Summary ................................................................................................................. 9
SimpliVity’s Data Virtualization Engine
1. Synopsis
SimpliVity’s OmniCube™ is the cure for two of today’s most vexing problems in IT – the extreme
cost and complexity of the IT environment, and cross-site IT (the limitations of managing IT
across sites including the Public Cloud). OmniCube is the industry’s first globally federated and
hyperconverged IT infrastructure platform. Designed and optimized for the virtualized
environment, OmniCube provides a complete scalable and flexible IT infrastructure that meets
the data center requirements for high availability, performance, and serviceability. In addition to
these core server, storage and networking services, OmniCube delivers a complete set of
advanced features, providing global protection and management of all the virtual machines
within and across data centers, including the Cloud.

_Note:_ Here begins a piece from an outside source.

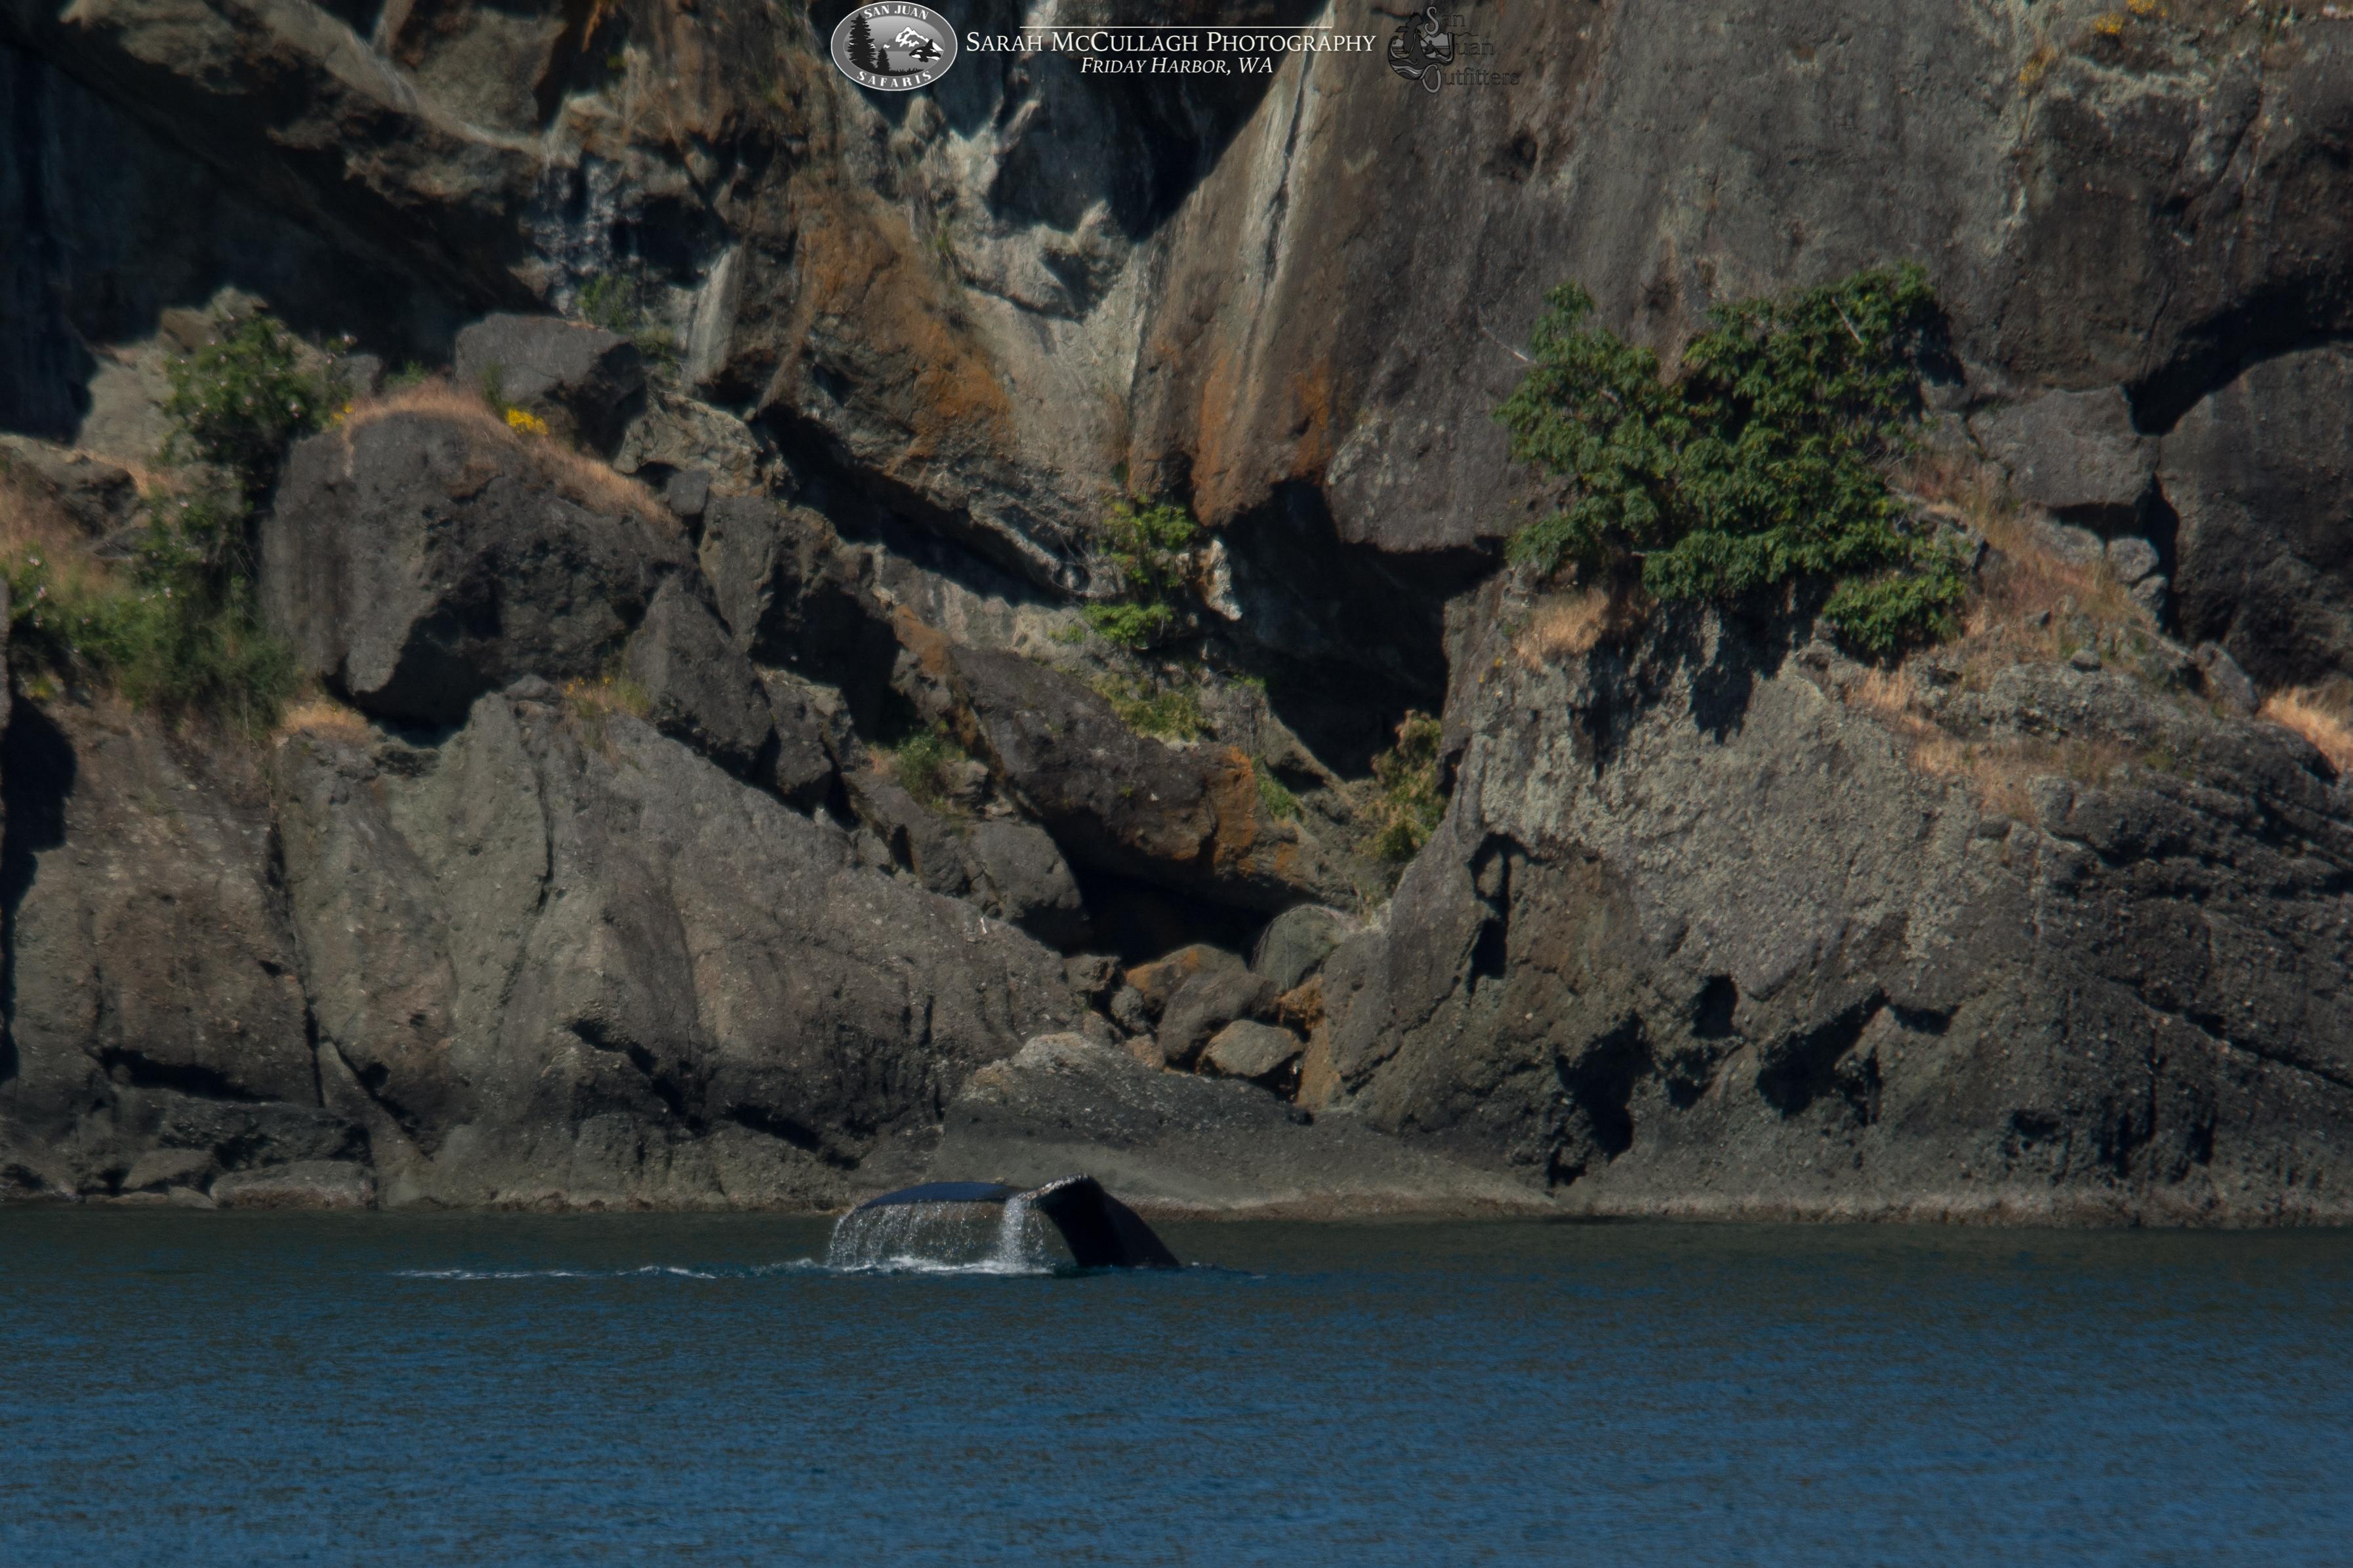 Humpbacks and Wildlife Abound in the Salish Sea

Scalability is achieved when two or more OmniCube systems are deployed together, creating
the OmniCube Global Federation, a massively scalable pool of shared resources that enables
efficient data movement, extensive scalability, protection, disaster recovery, and enterpriseclass system availability.

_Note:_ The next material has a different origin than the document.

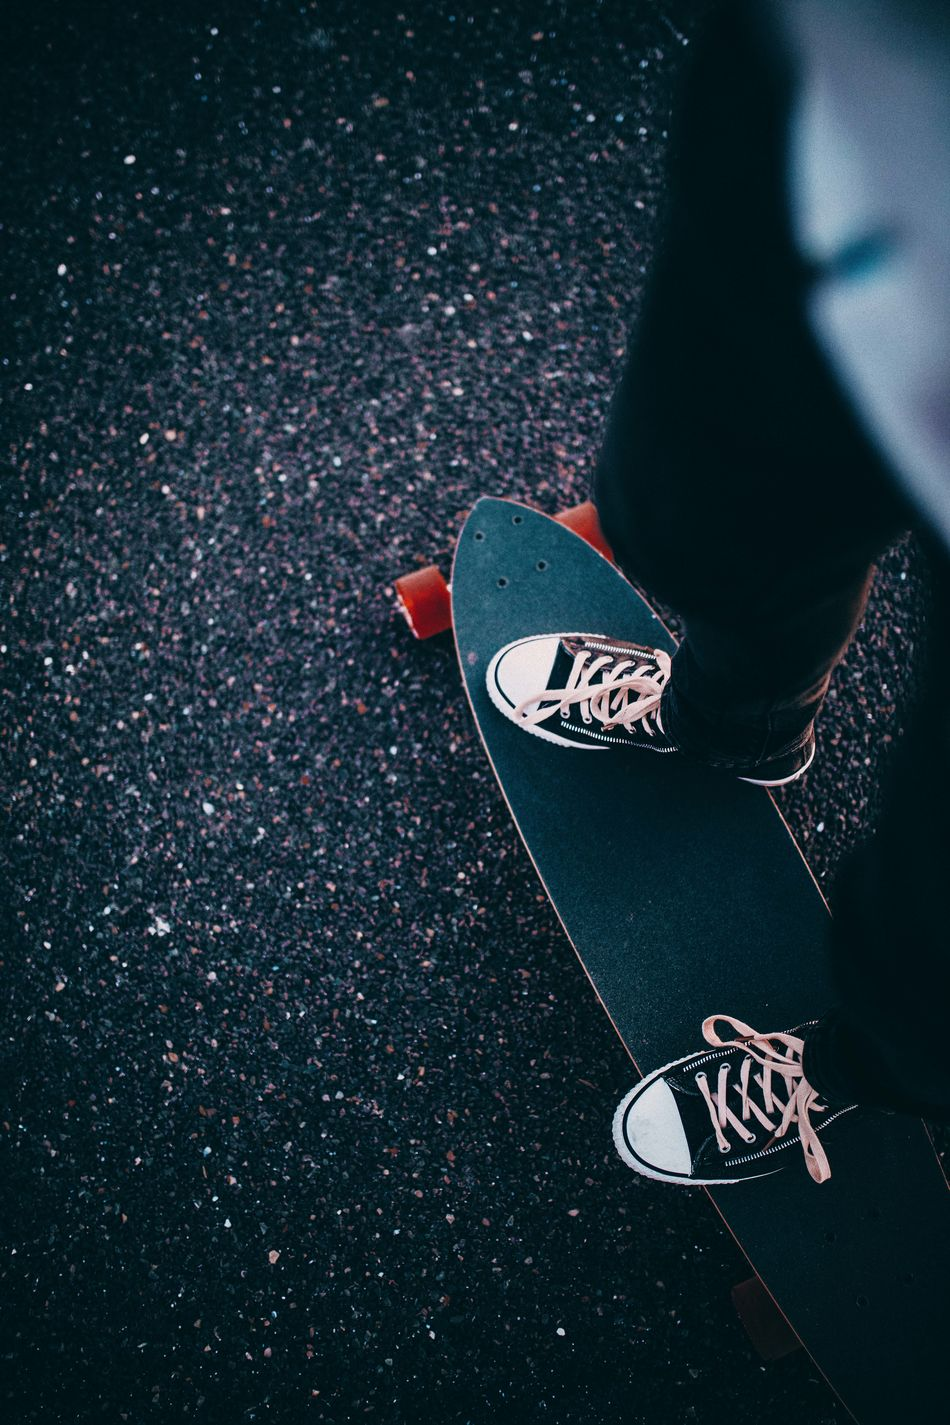 Casual Clothing Longboard Longboarding Longboards Man Promenade Recreational Pursuit Skating Sunset Urban

Figure 1: OmniCube Overview
At the root of today’s complexity crisis is an antiquated data architecture with an inherent
course-grained data architecture (that was optimized for a world that predated server
virtualization), and the need to span multiple sites and the Cloud, thus requiring far less data
mobility than the modern IT environment demands. SimpliVity has comprehensively solved the
problem by delivering a fundamentally new data architecture which powers the functionality of
OmniCube—known as the SimpliVity Data Virtualization Engine™, or DVE™.
DVE deduplicates, compresses and optimizes all data (at inception, in real-time, once and
forever), and provides a global framework for storing and managing the resulting fine-grained
data elements across all tiers within a single system (DRAM, Flash, HDD), across all the datalifecycle phases (primary, backup, WAN, archive), across geographies, data centers and the
Cloud. In doing so, DVE enables OmniCube to deliver the functionality that can only be
achieved today through the management of more than a dozen disparate products—and does it
at a fraction of the cost and at an extreme reduction in complexity as compared to today’s
traditional infrastructure stack. The result is a first-of-its-kind product and global architecture
featuring capabilities that break records in terms of TCO and functional scope (acquisition cost
and operating cost). This paper will provide an in-depth look into the Data Virtualization Engine,
and will demonstrate how the DVE powers all of the differentiated functionality of OmniCube.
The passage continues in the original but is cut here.